_Problem requirements_
Everything in the data that follows should be given again verbatim, except the images.

_Data_
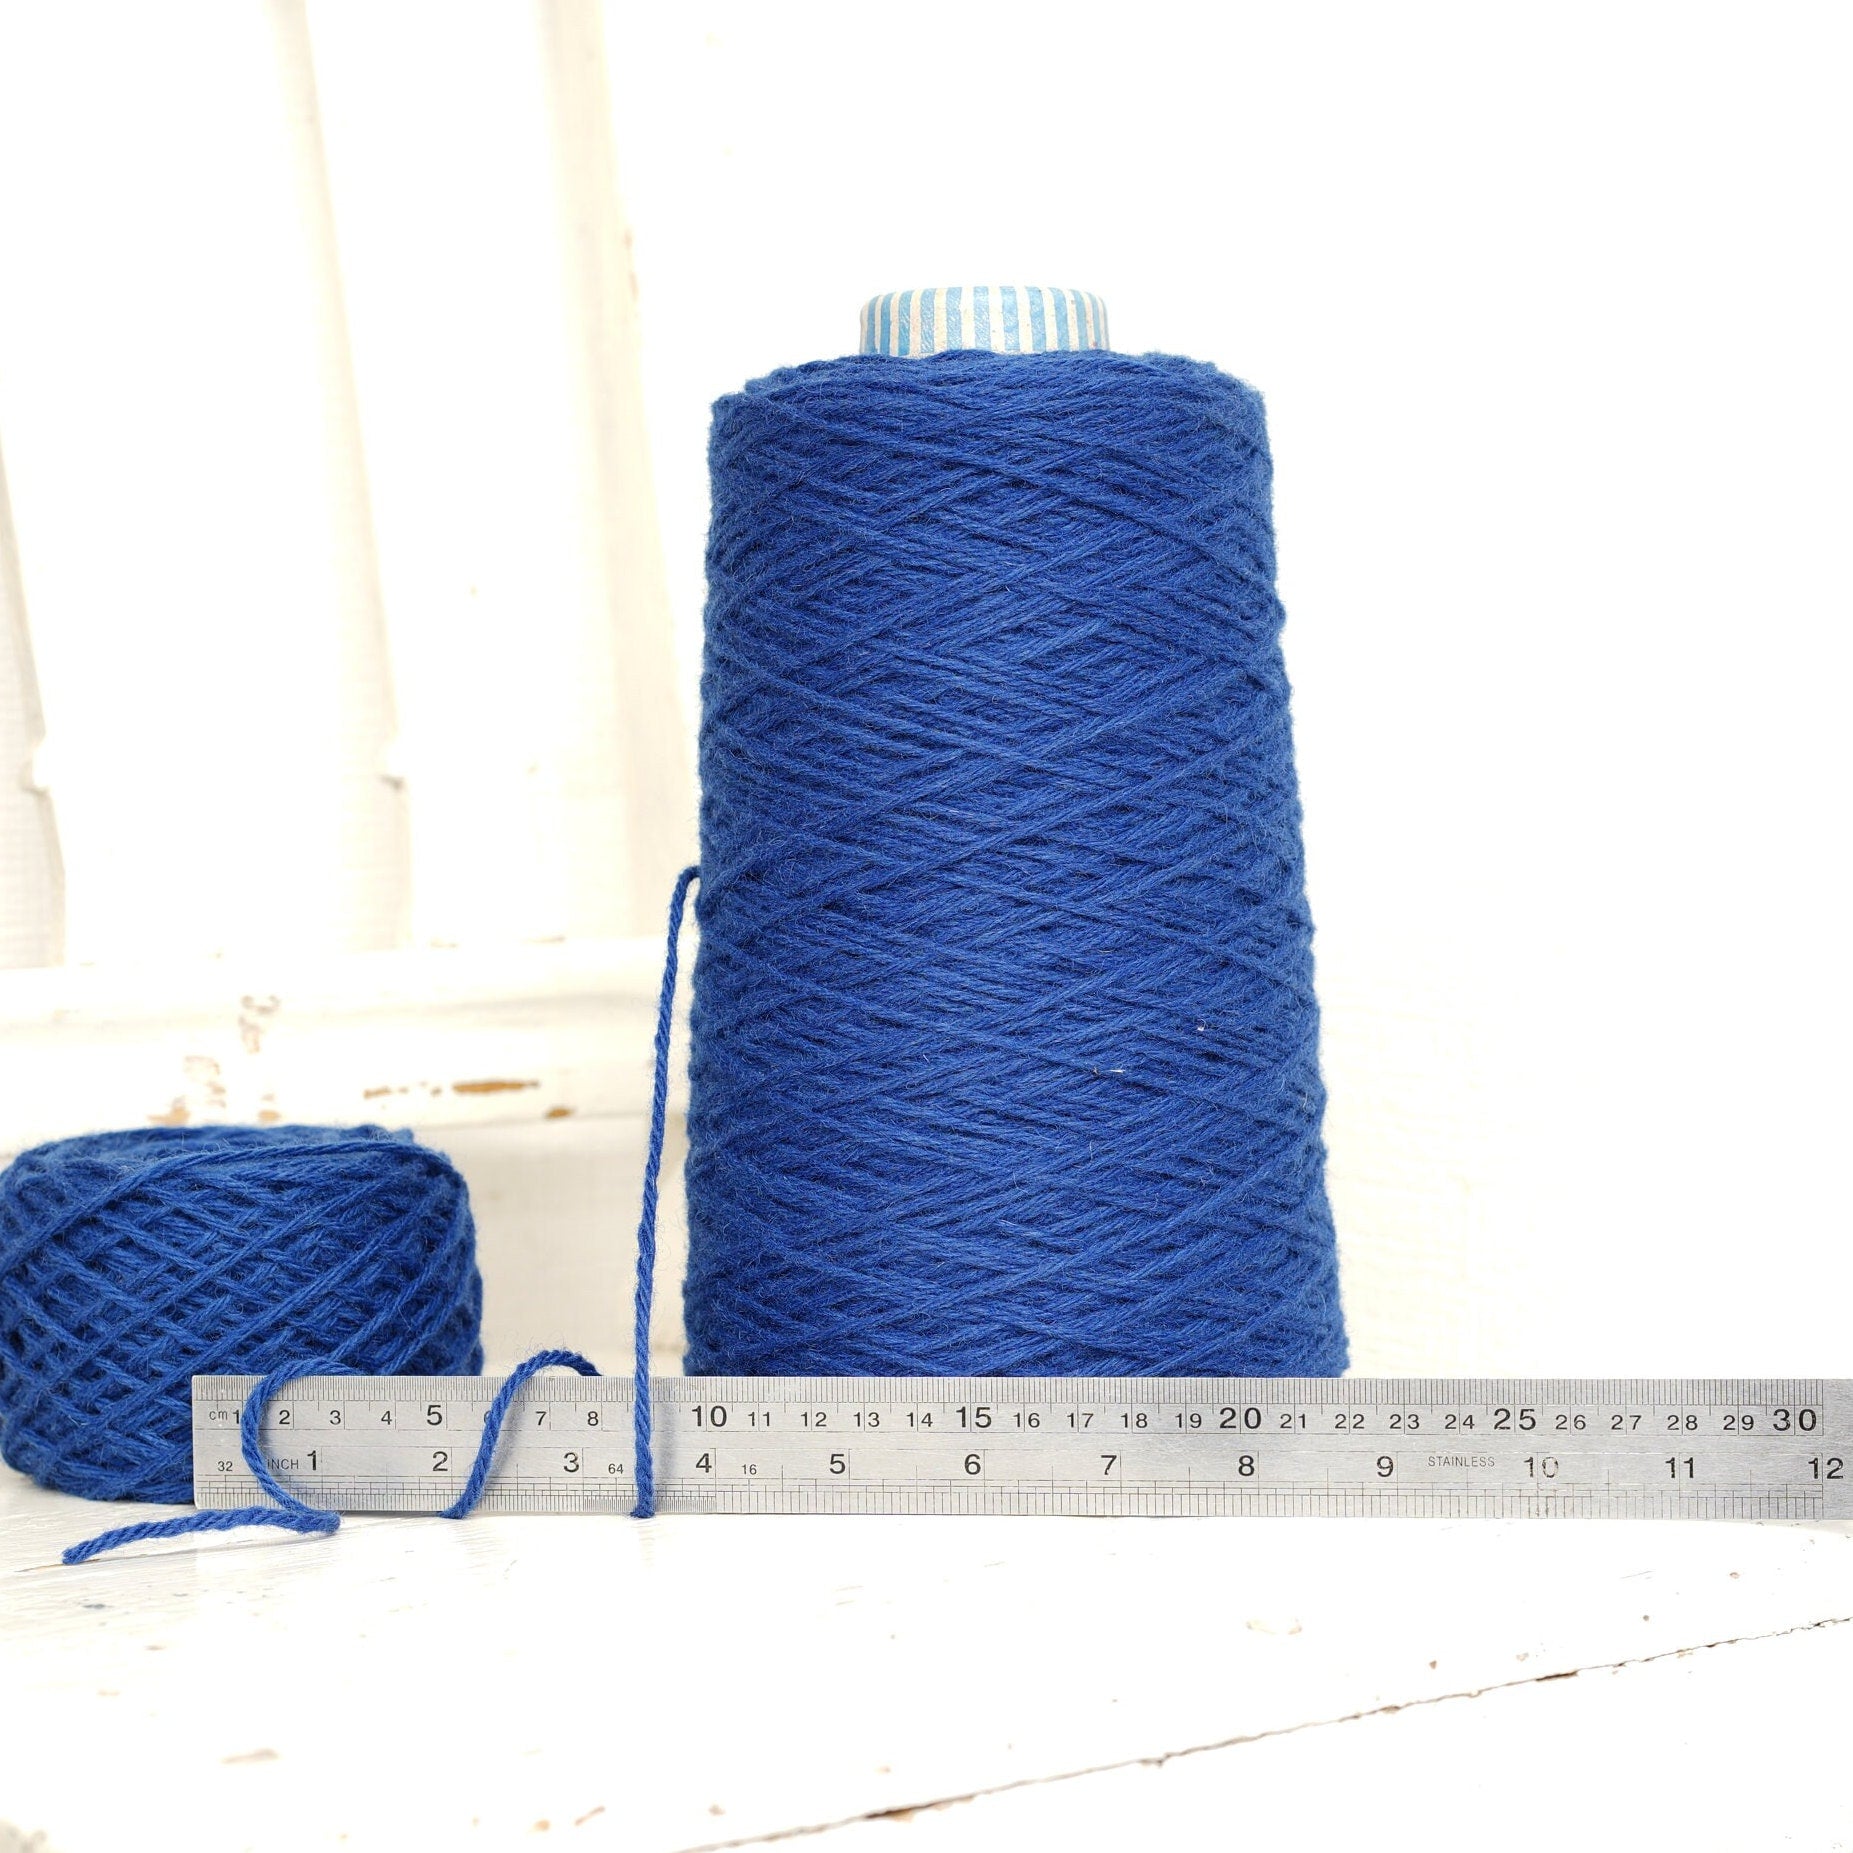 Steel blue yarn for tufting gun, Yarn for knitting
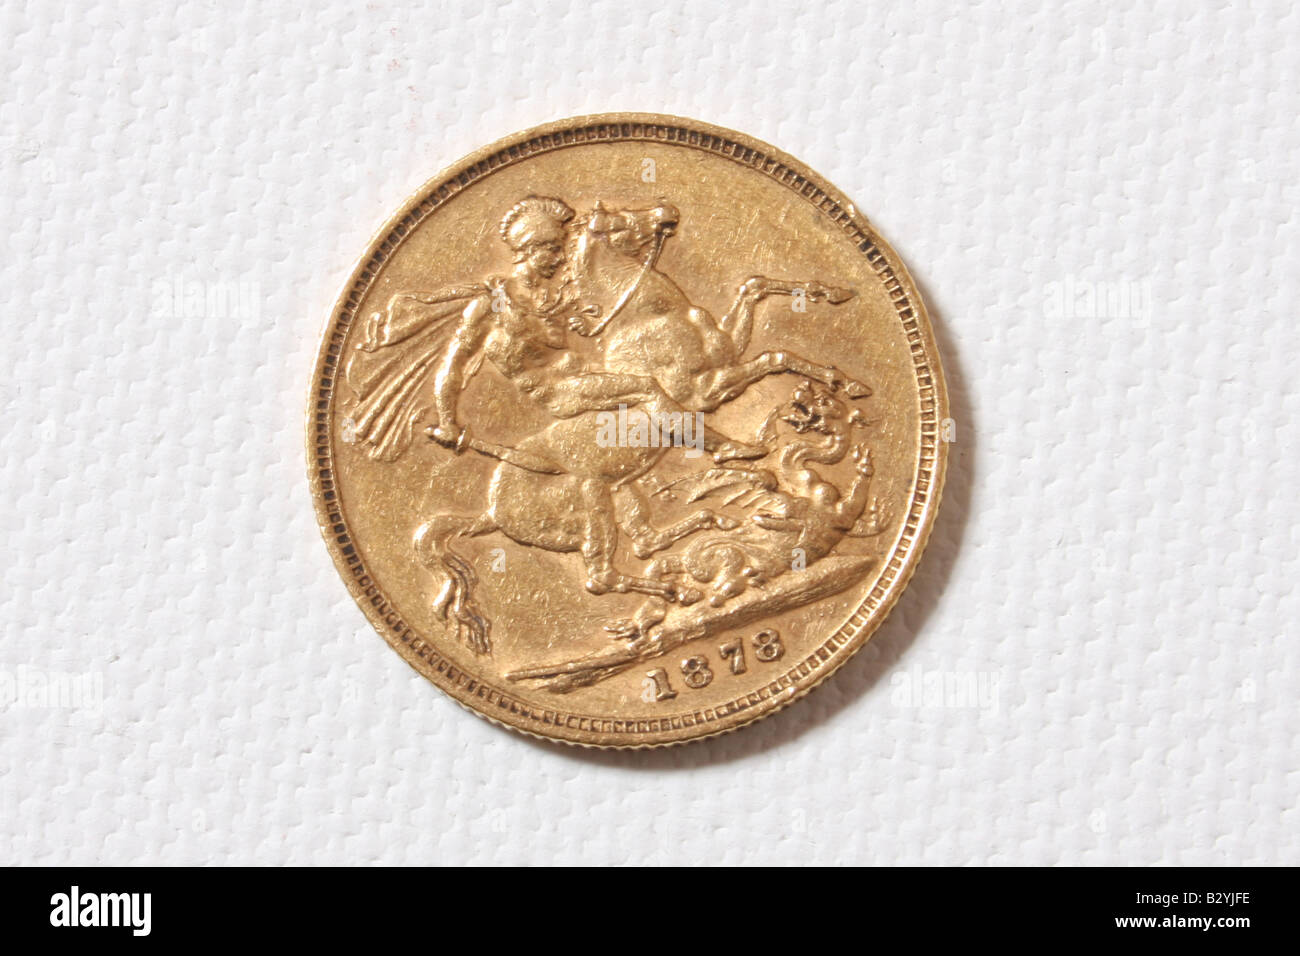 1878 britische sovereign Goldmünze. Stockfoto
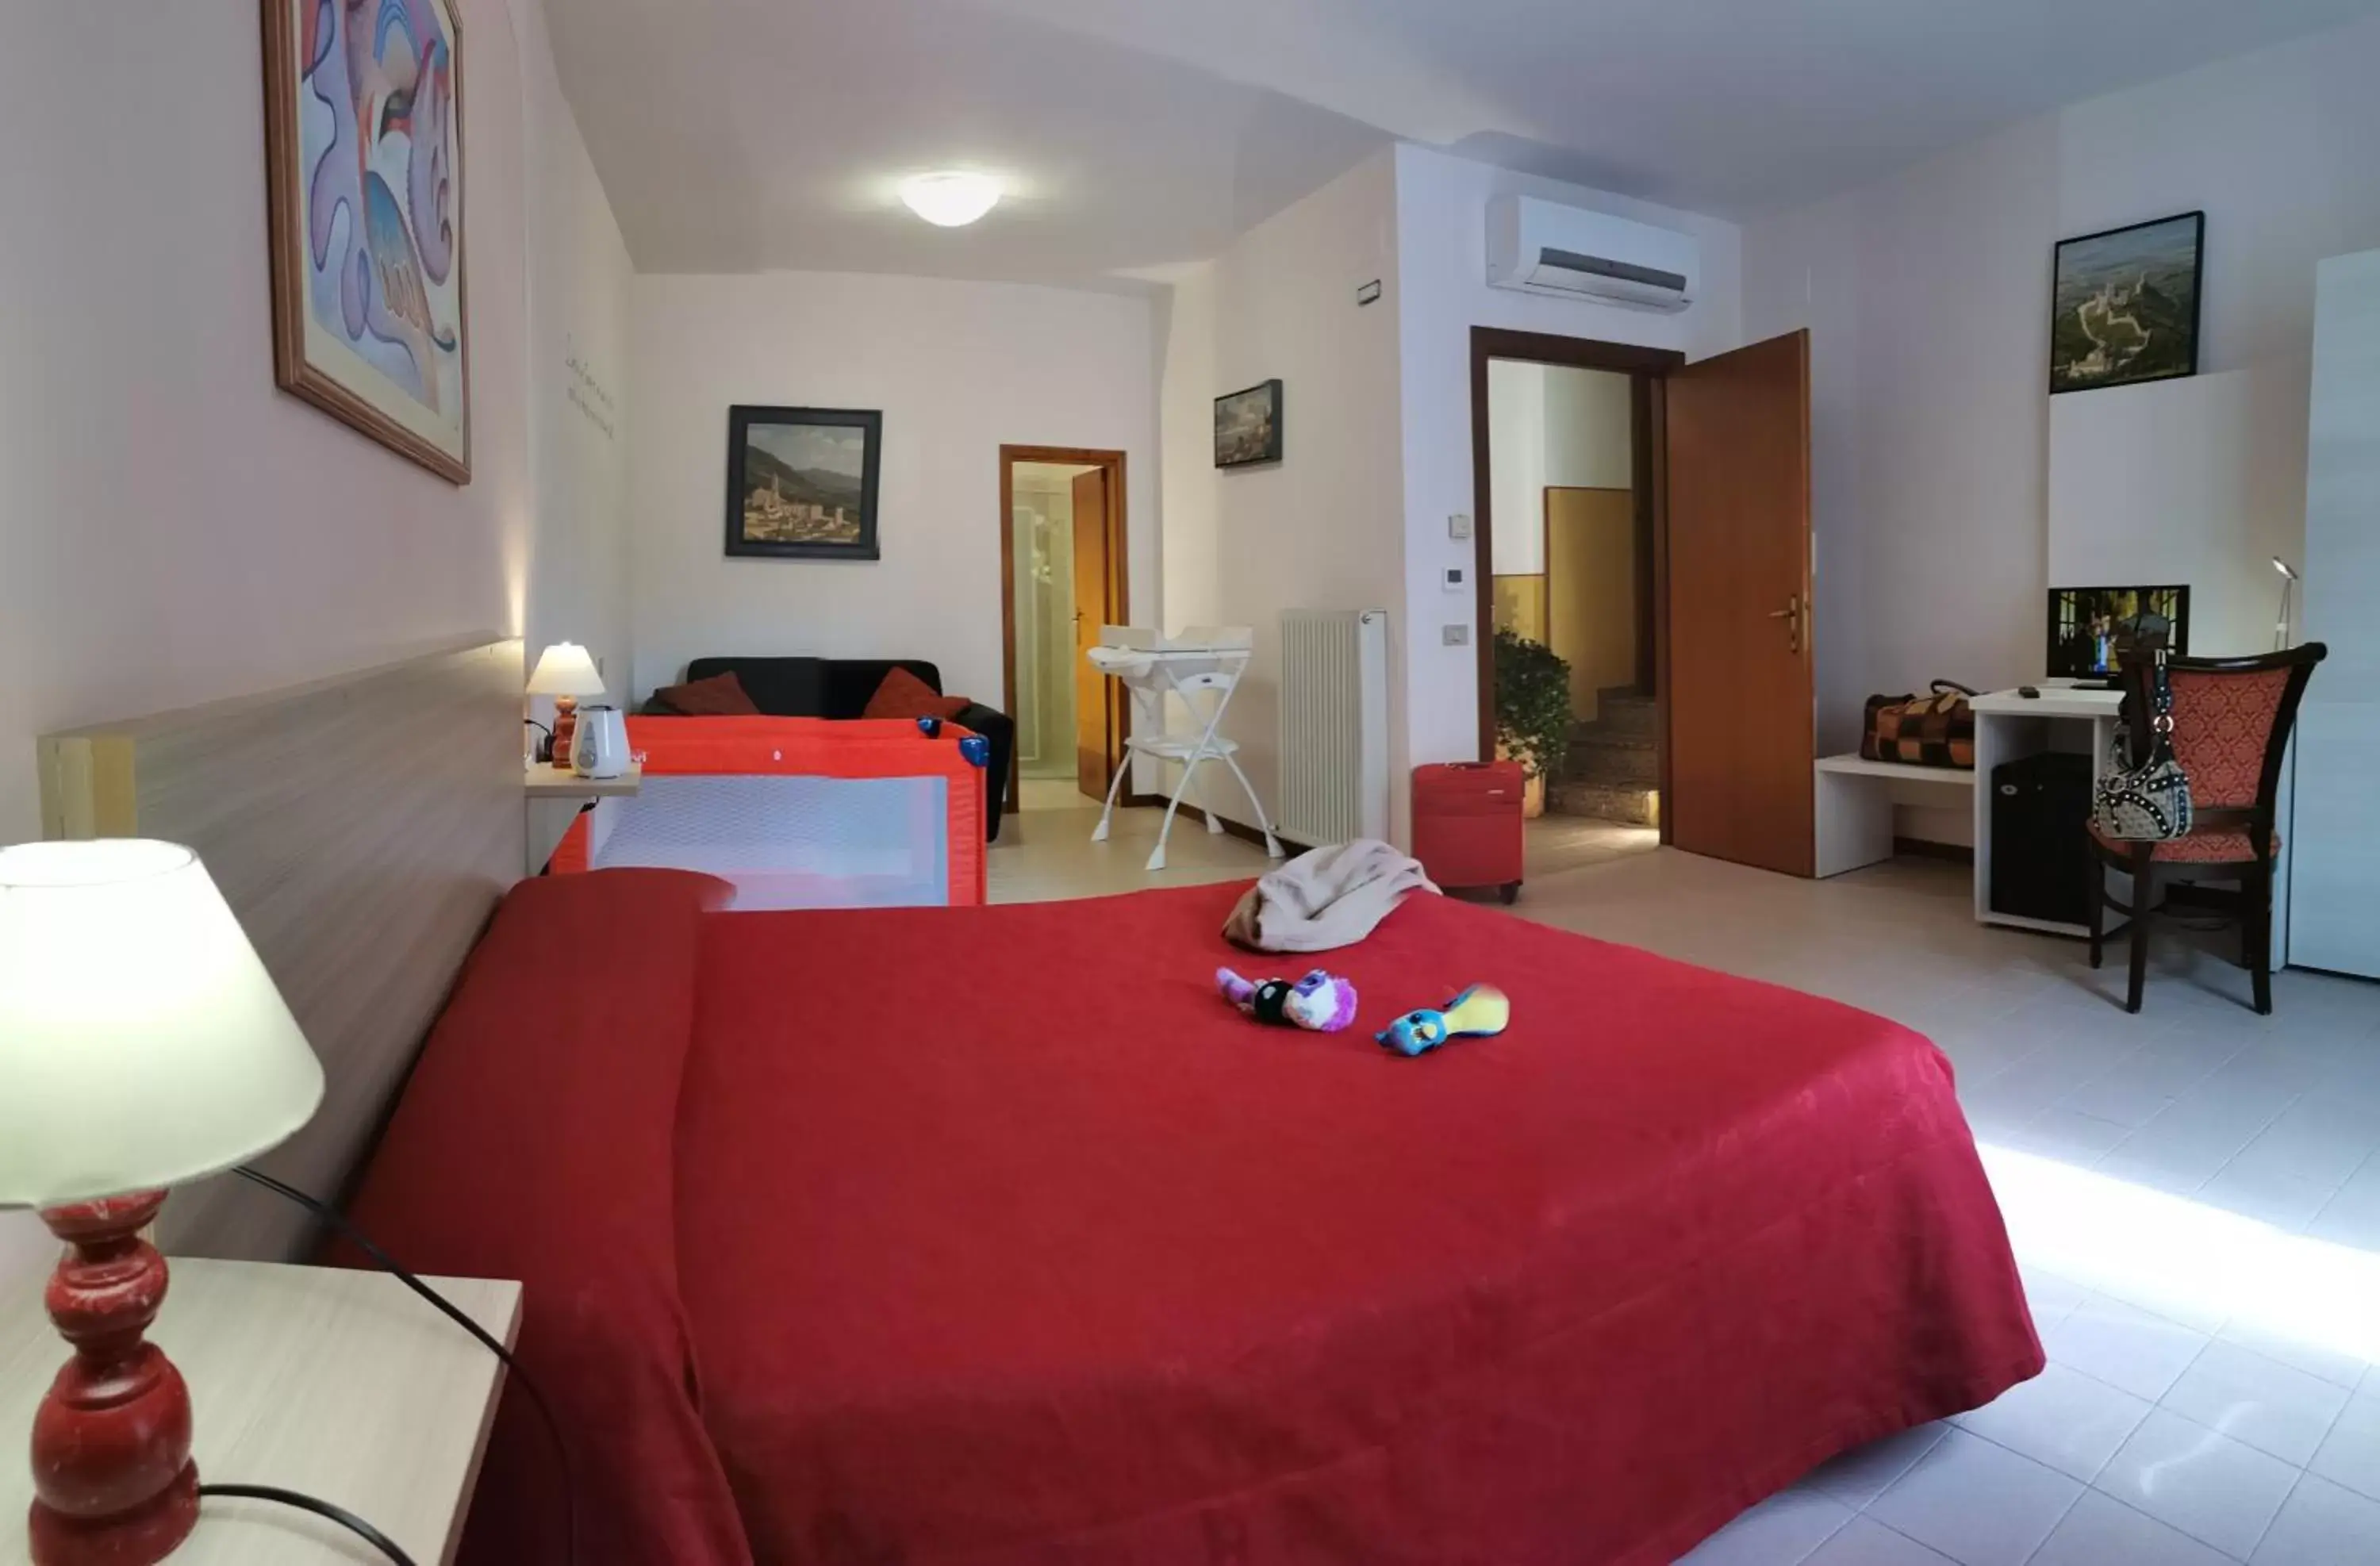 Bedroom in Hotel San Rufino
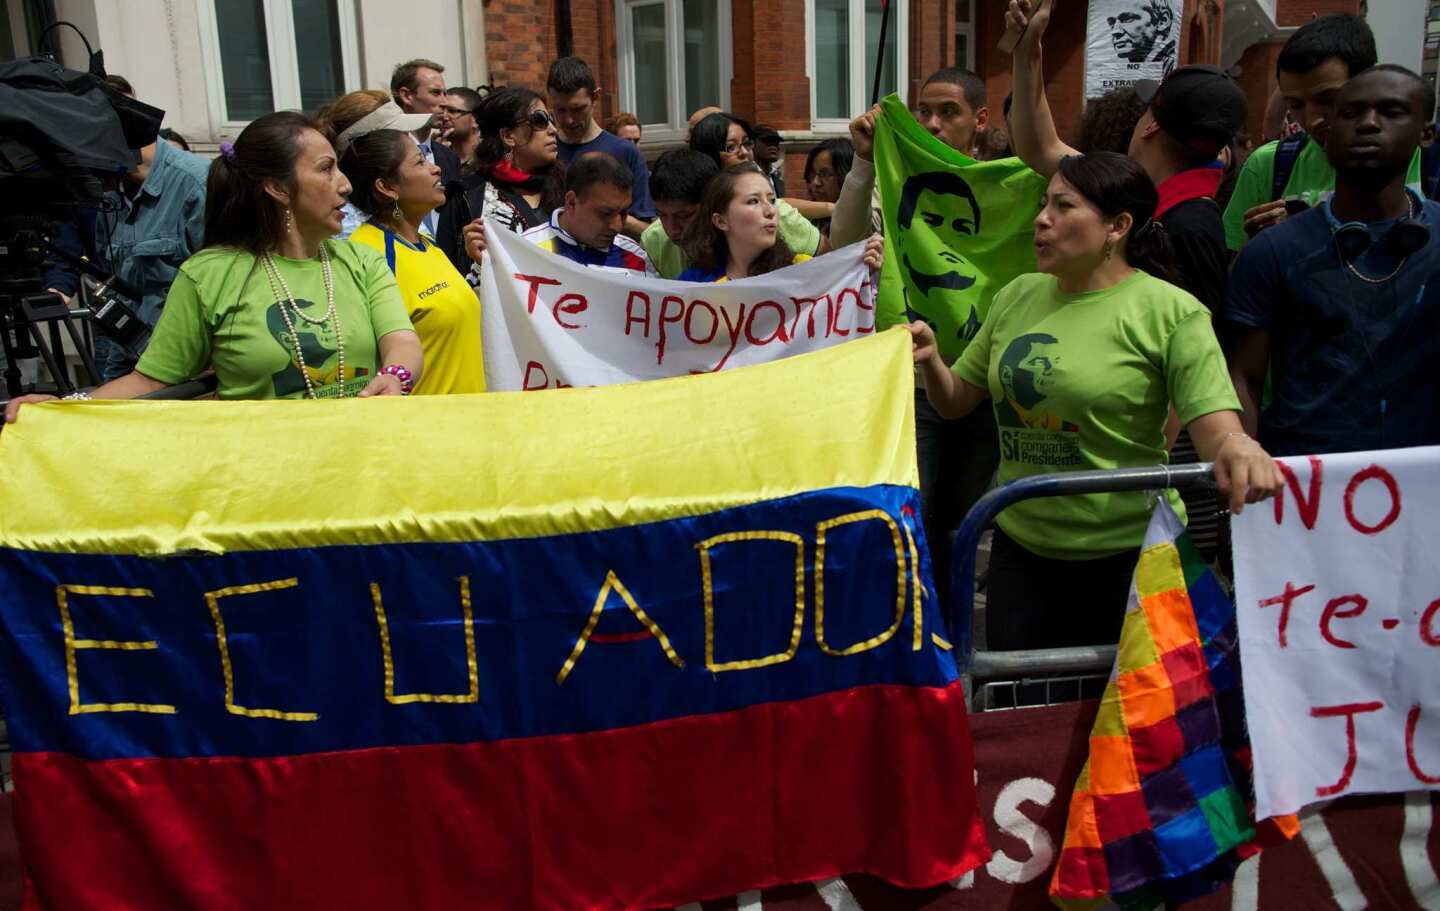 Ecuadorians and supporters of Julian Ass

_Answer section_
 Steel blue yarn for tufting gun, Yarn for knitting
 1878 britische sovereign Goldmünze. Stockfoto
 Bedroom in Hotel San Rufino
 Ecuadorians and supporters of Julian Ass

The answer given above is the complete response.